Parts 2–3 established the framework of "invariants" and "feedback loops." Part 3 focused on feedback message design; this part defines the concrete rule system those messages enforce — the principles and structure of SpiraCSS.

Single Principle: Parents Handle Layout, Children Handle Only Internals

Every rule in SpiraCSS derives from one principle:

The parent decides the child's layout; the child only writes its own internals.

CSS layout is fundamentally a "parent arranges children" mechanism. You set display: flex on the parent and align-self on the child. Since a child's margin also affects the parent's layout, it should be controlled by the parent.

All structural rules are derived from this principle.

Block and Element — Two Structural Units

SpiraCSS classifies all classes into Blocks and Elements.

Type Naming Convention Example Role
Block Two-word kebab-case .feature-card, .card-header Independent component unit
Element Single-word .title, .body, .icon Constituent part within a Block

This naming convention corresponds to BEM's "Block__Element," but with a crucial difference: the naming pattern itself expresses the structure. Two words mean Block, one word means Element — no room for interpretation. (This naming rule is the default; case conventions can be customized in spiracss.config.js.)

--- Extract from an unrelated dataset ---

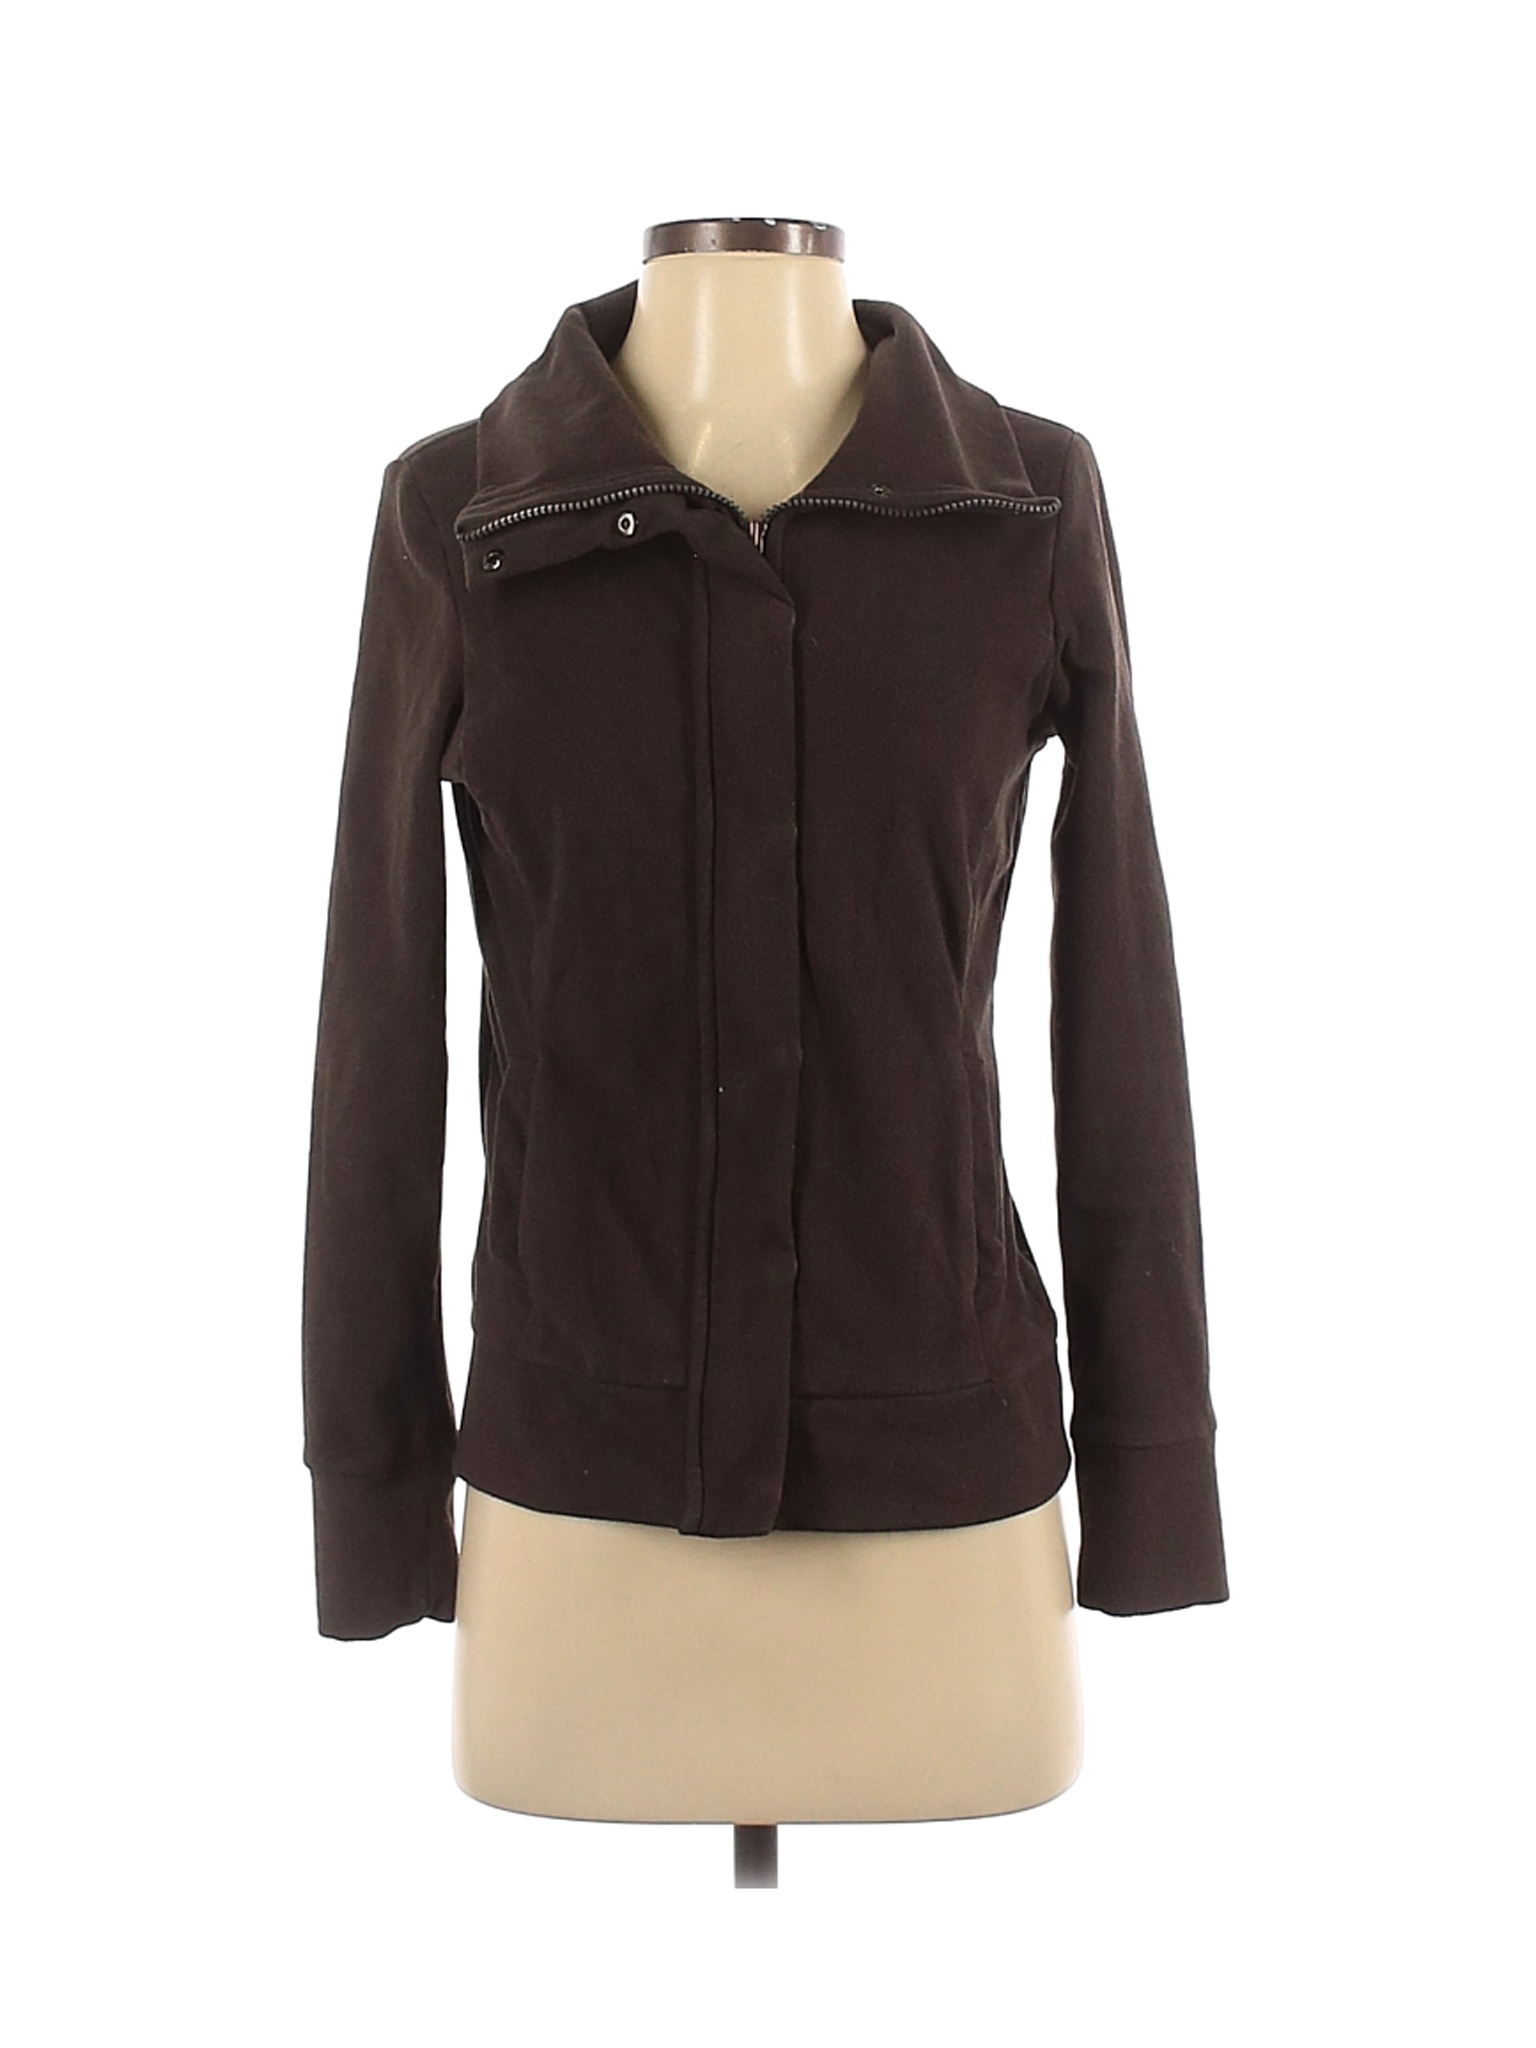 Esprit 100% Polyester Solid Brown Fleece Size XS - 91% off | thredUP
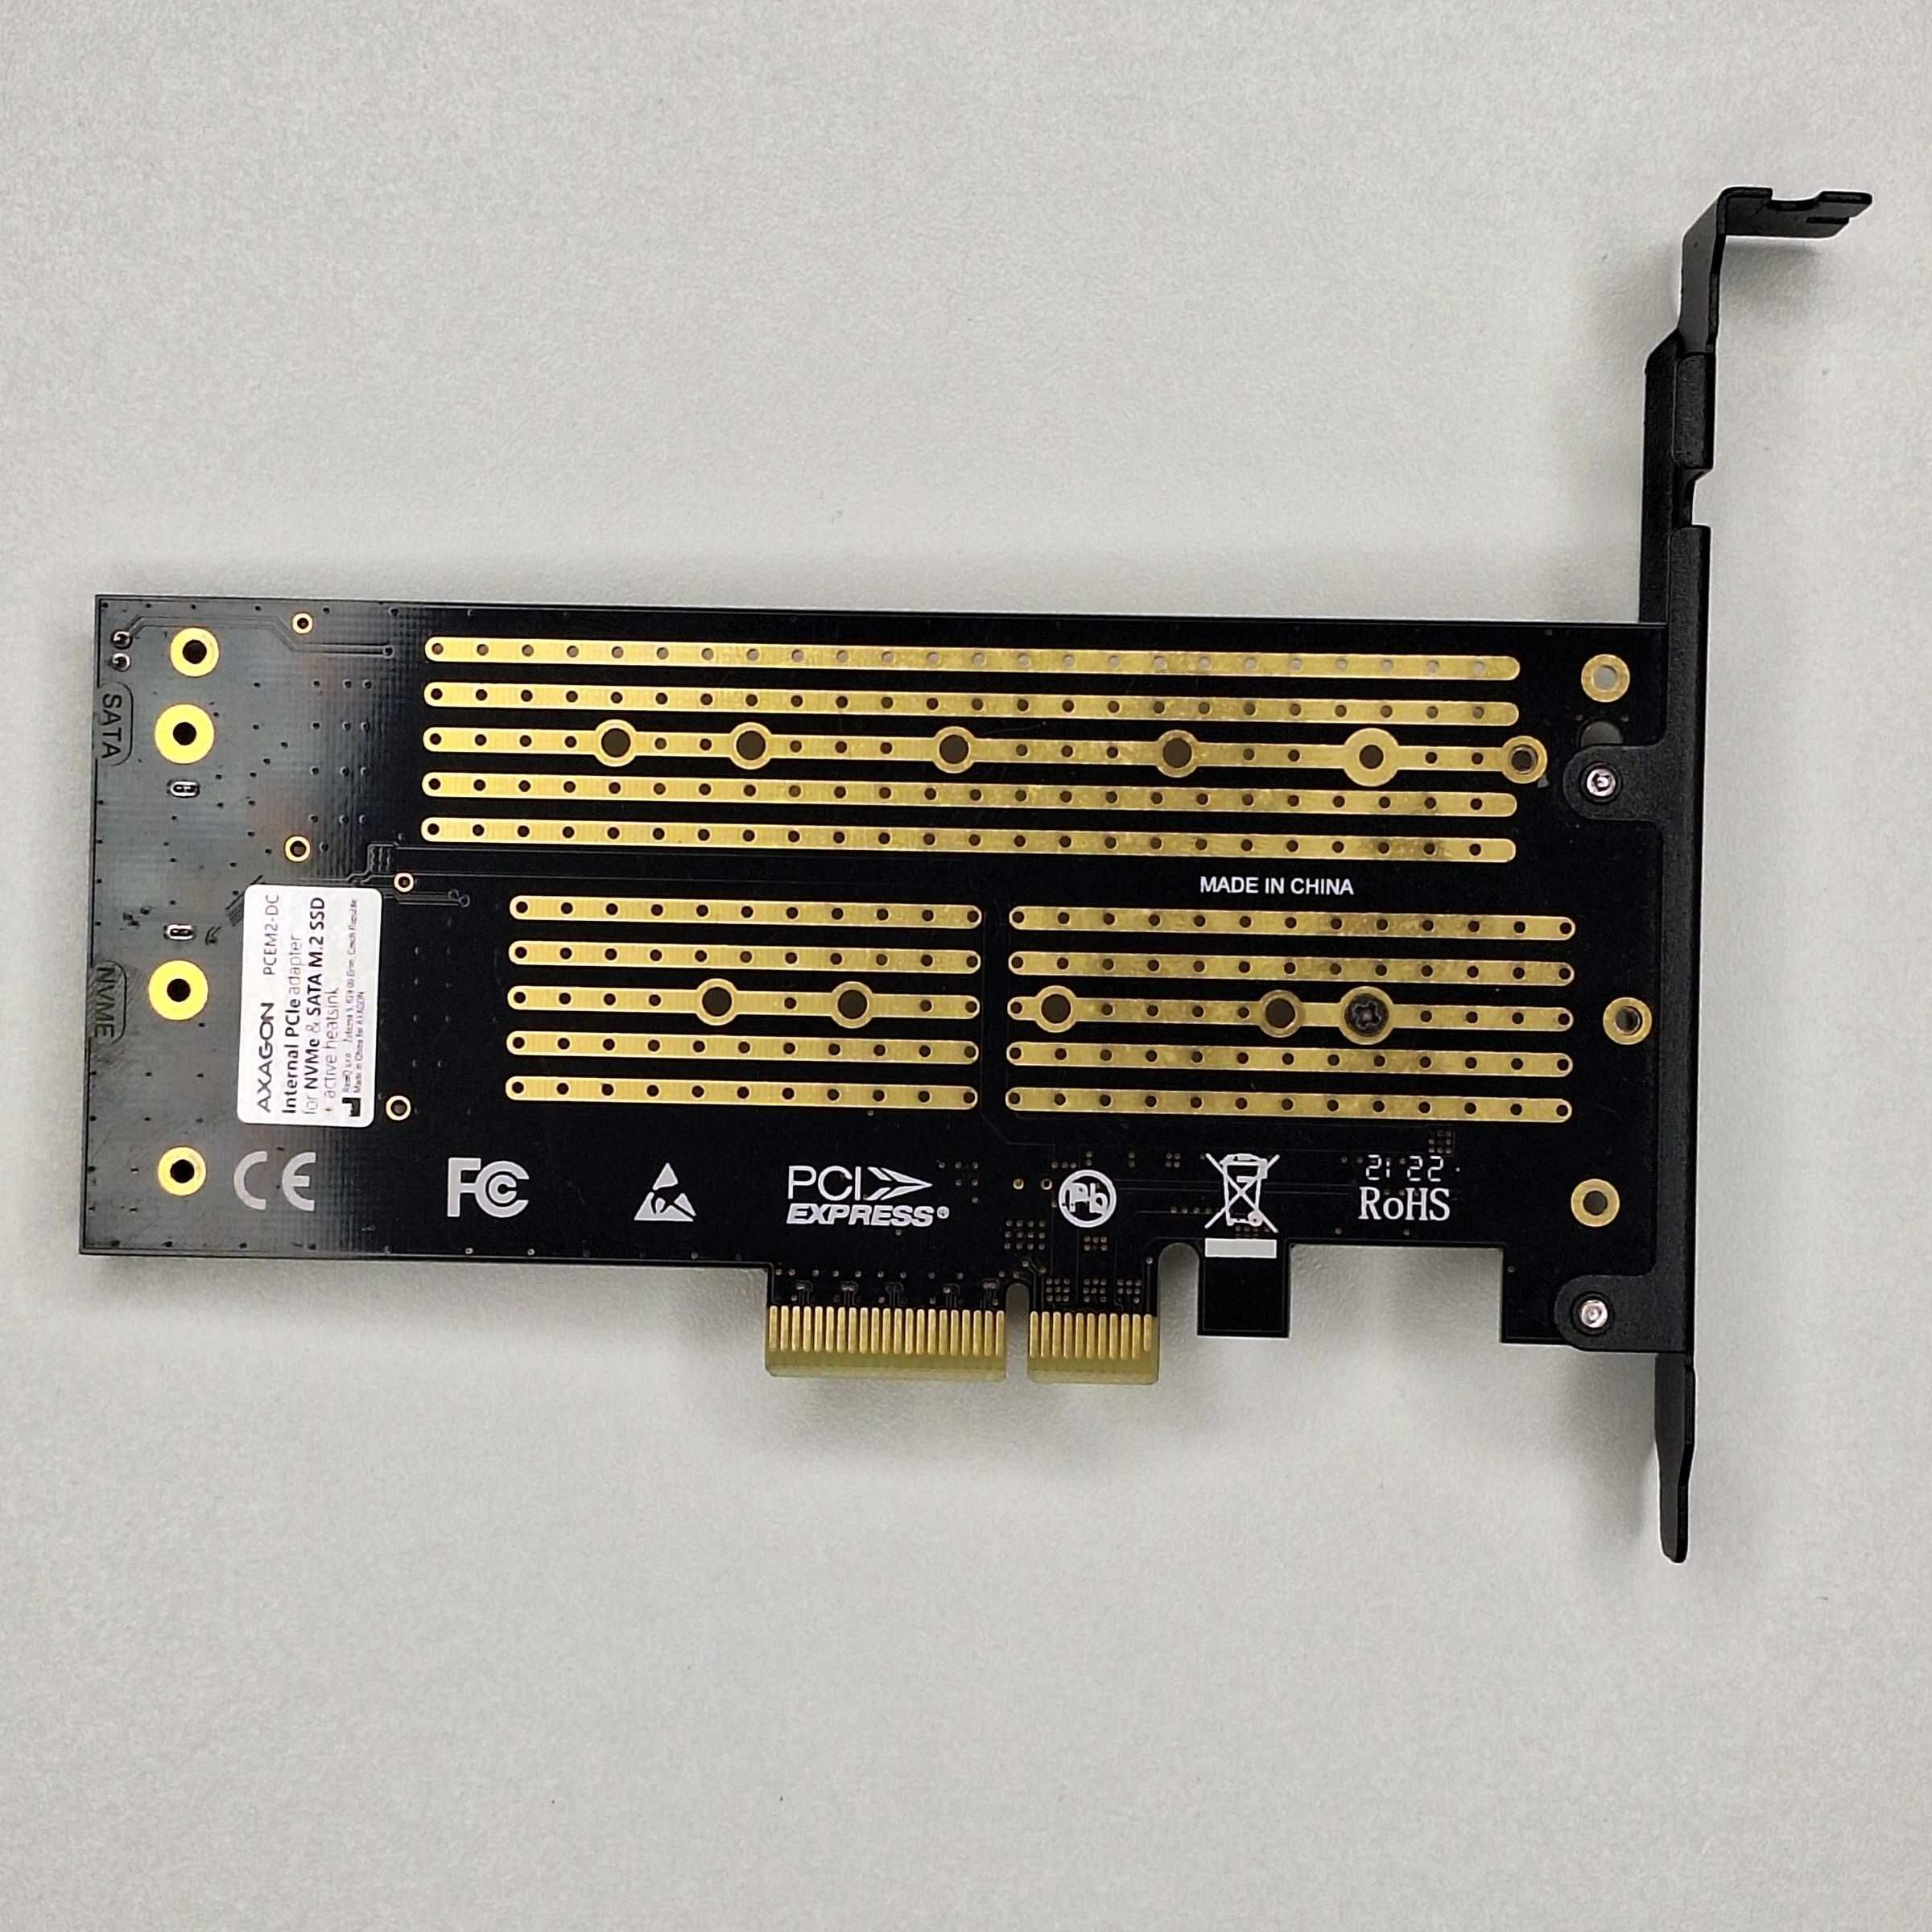 Adapter Dysku SSD Axagon PCEM2-DC PCIE NVME+SATA M.2

The allowed parent-child relationships are also explicit:

Parent Child Allowed
Block Block
Block Element
Element Block
Element Element ✅ (with depth limit)

Placing a Block under an Element is forbidden. Element-to-Element nesting is allowed but has a depth ceiling (default 4 levels, configurable via elementDepth). The fundamental structure is "Blocks own children." This doesn't restrict DOM nesting itself; it constrains only responsibility-bearing class relationships. This constraint automatically determines component boundaries.

"What if Element nesting gets too deep?" The answer is straightforward: if a unit has independent responsibility, promote it to a Block (e.g., .title.title-box). Decorative elements are handled with tag selectors or pseudo-elements. Tag selectors are always scoped within a Block (e.g., .feature-card > .title > span), so there's no external leakage. This decision is also mechanical: if you need independent responsibility, promote to Block; otherwise, use Element or tag selectors.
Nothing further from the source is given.